= China National Ethnic Song and Dance Ensemble =

Performance group in China

China National Ethnic Song and Dance Ensemble (中央民族歌舞团, variously translated as China Central Song and Dance Ensemble of Ethnic Groups or Central Nationalities Song and Dance Ensemble), based in Beijing, is a national-level performance group representing China's ethnic minorities managed by the National Ethnic Affairs Commission of the United Front Work Department. It was founded in September 1952 by Premier Zhou Enlai. Today, with over 300 members representing 36 ethnic groups, it has performed in over 70 countries and gives over 100 performances each year. Its president is the ethnomusicologist, performer and First Lady of China, Peng Liyuan.

== Departments ==
China National Ethnic Song and Dance Ensemble contains fifteen departments to take charge of different affairs.

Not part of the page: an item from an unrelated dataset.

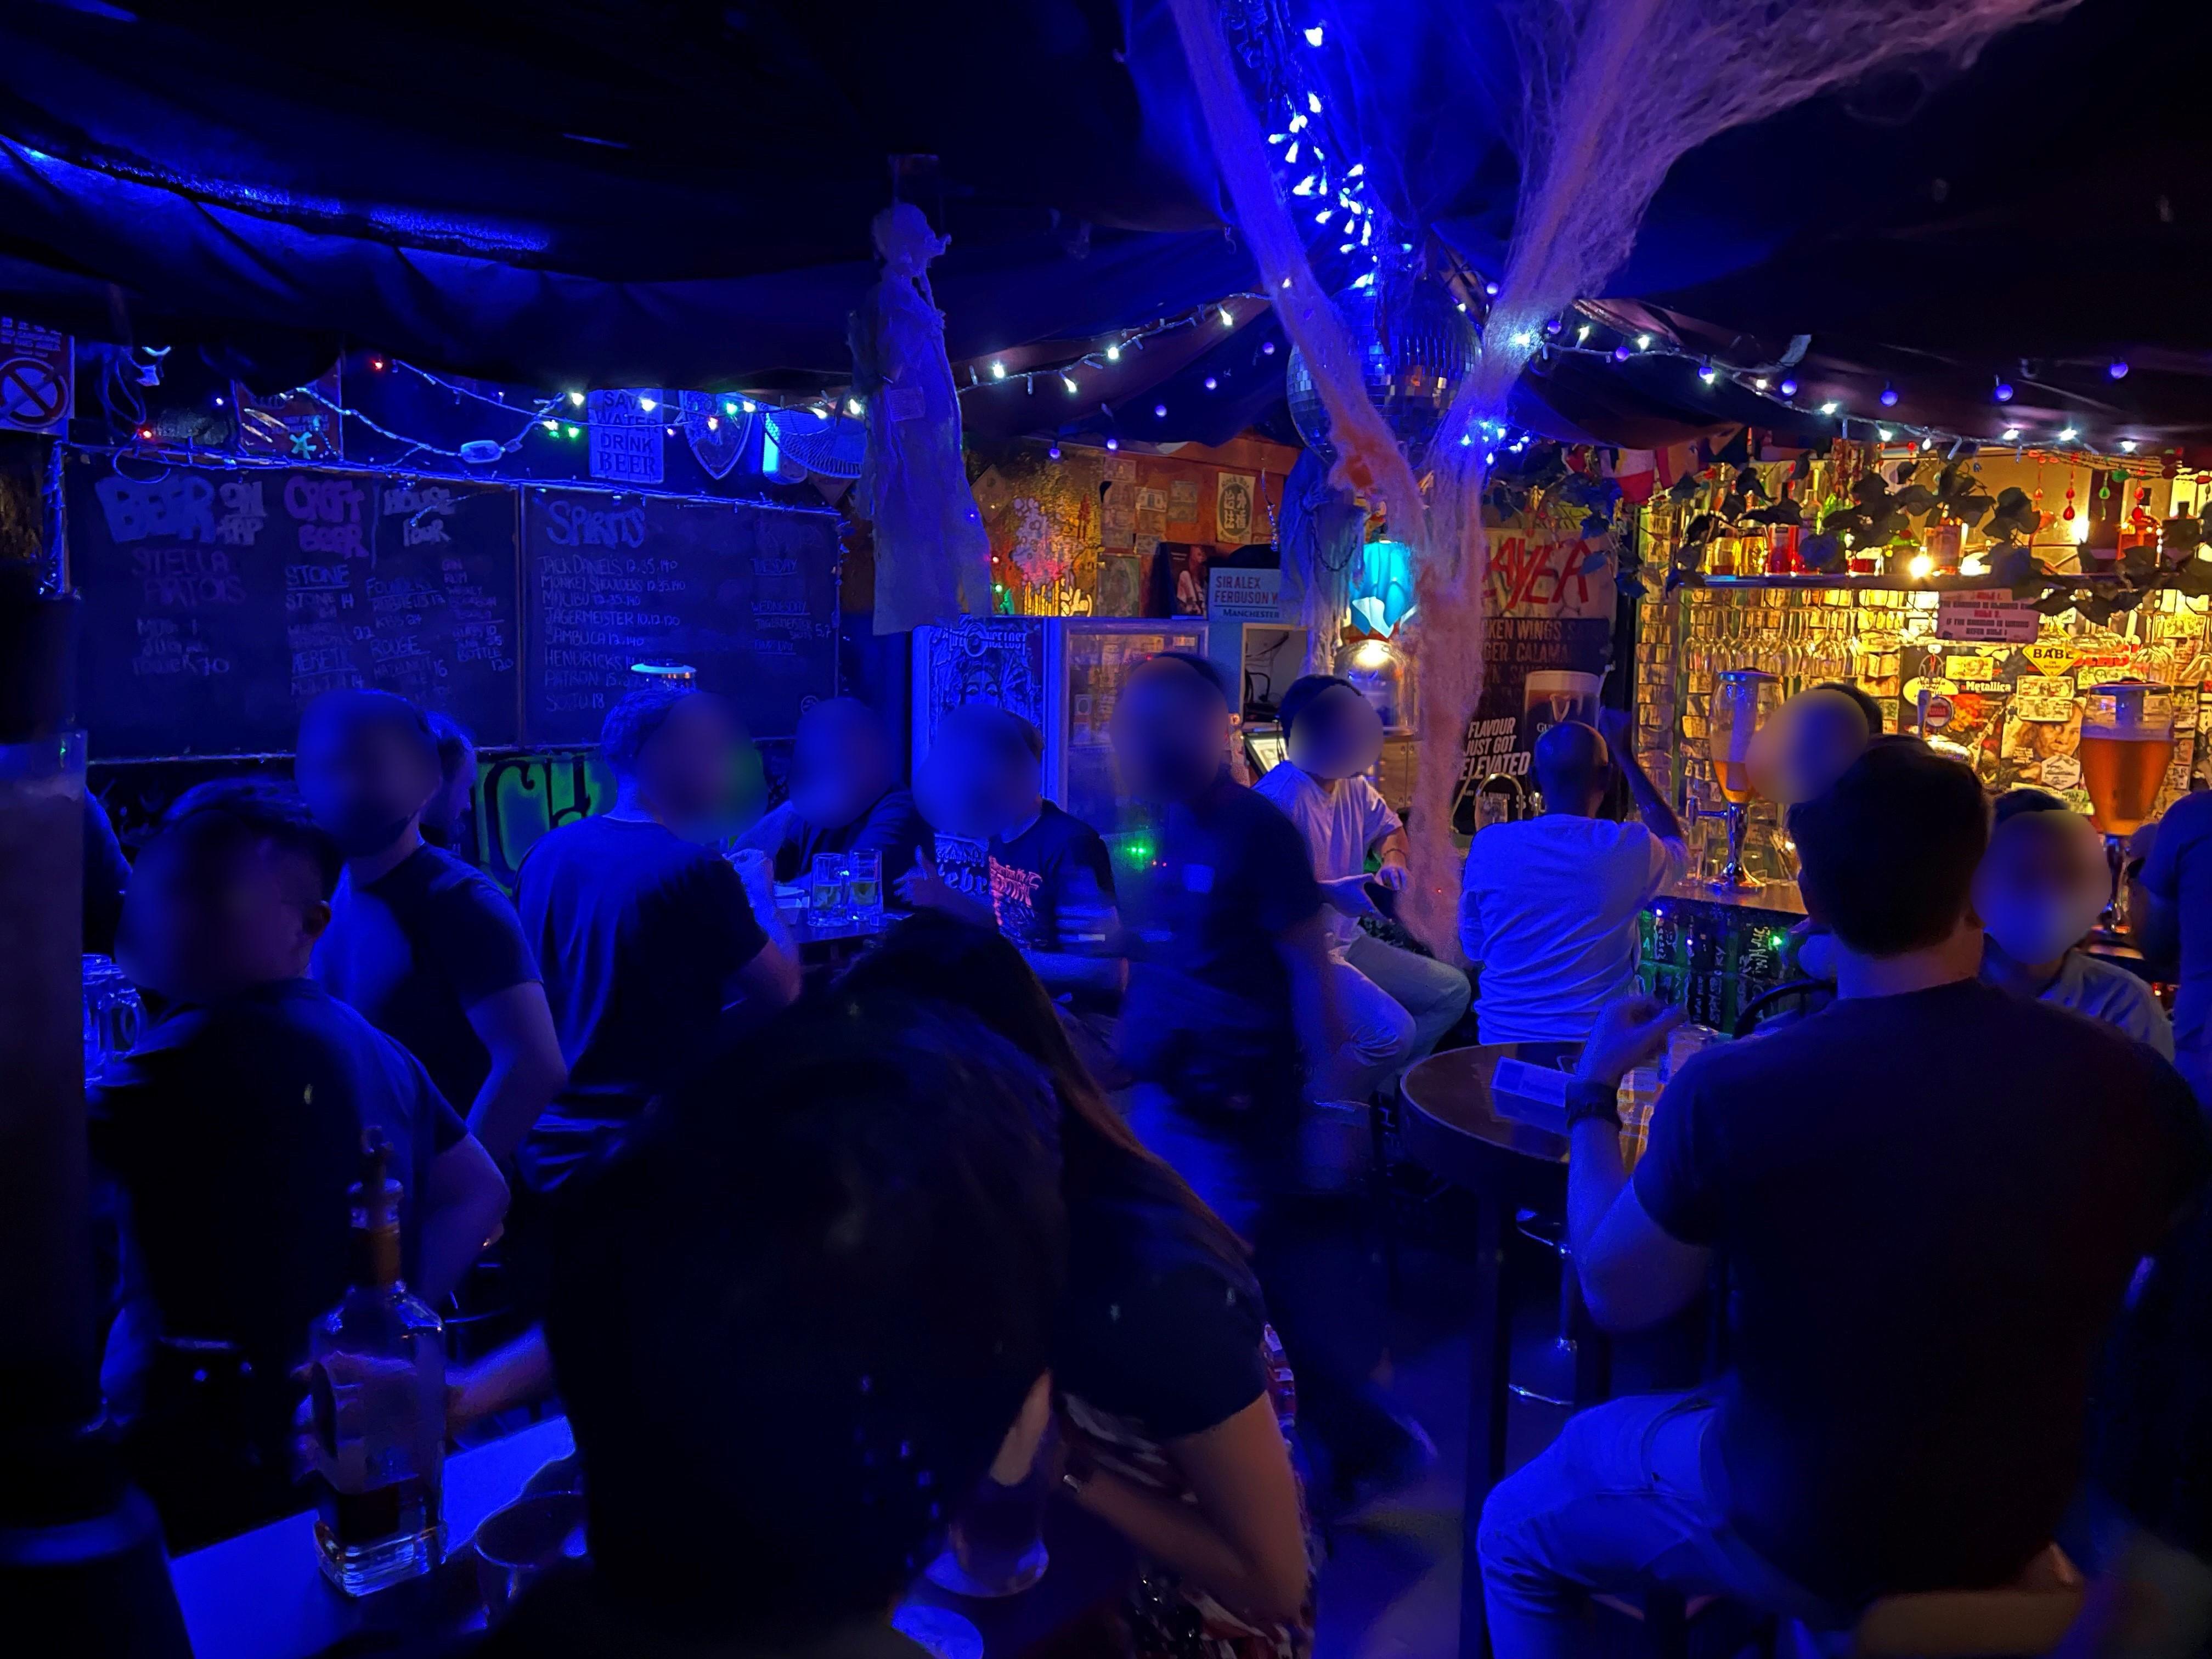 Chips Café and Bar

== The China National Ethnic Song and Dance Ensemble Theater ==

=== Location ===
South Street No. 21, Haidian District Zhongguancun, Beijing City. Next to the Minzu University of China, the Art Academy of PLA, Peking University Stomatological Hospital and Beijing Foreign Studies University.

=== Information ===
The construction of the central national song and dance troupe National Theater building was completed in December 2012. It covers an area of 20 square kilometers, 2 levels of more than 900 seats for the audience. The theater also contains a 500-square-meter theater within it, a meeting room, 2 vip rooms, 7 rehearsal rooms and 8 dressing rooms in total. The China National Ethnic Song and Dance Ensemble Theater is equipped with professional audio and lighting systems and is capable of hosting performances with various purposes, including performance, public relations activities, news conference, TV programs, conferences and training activities.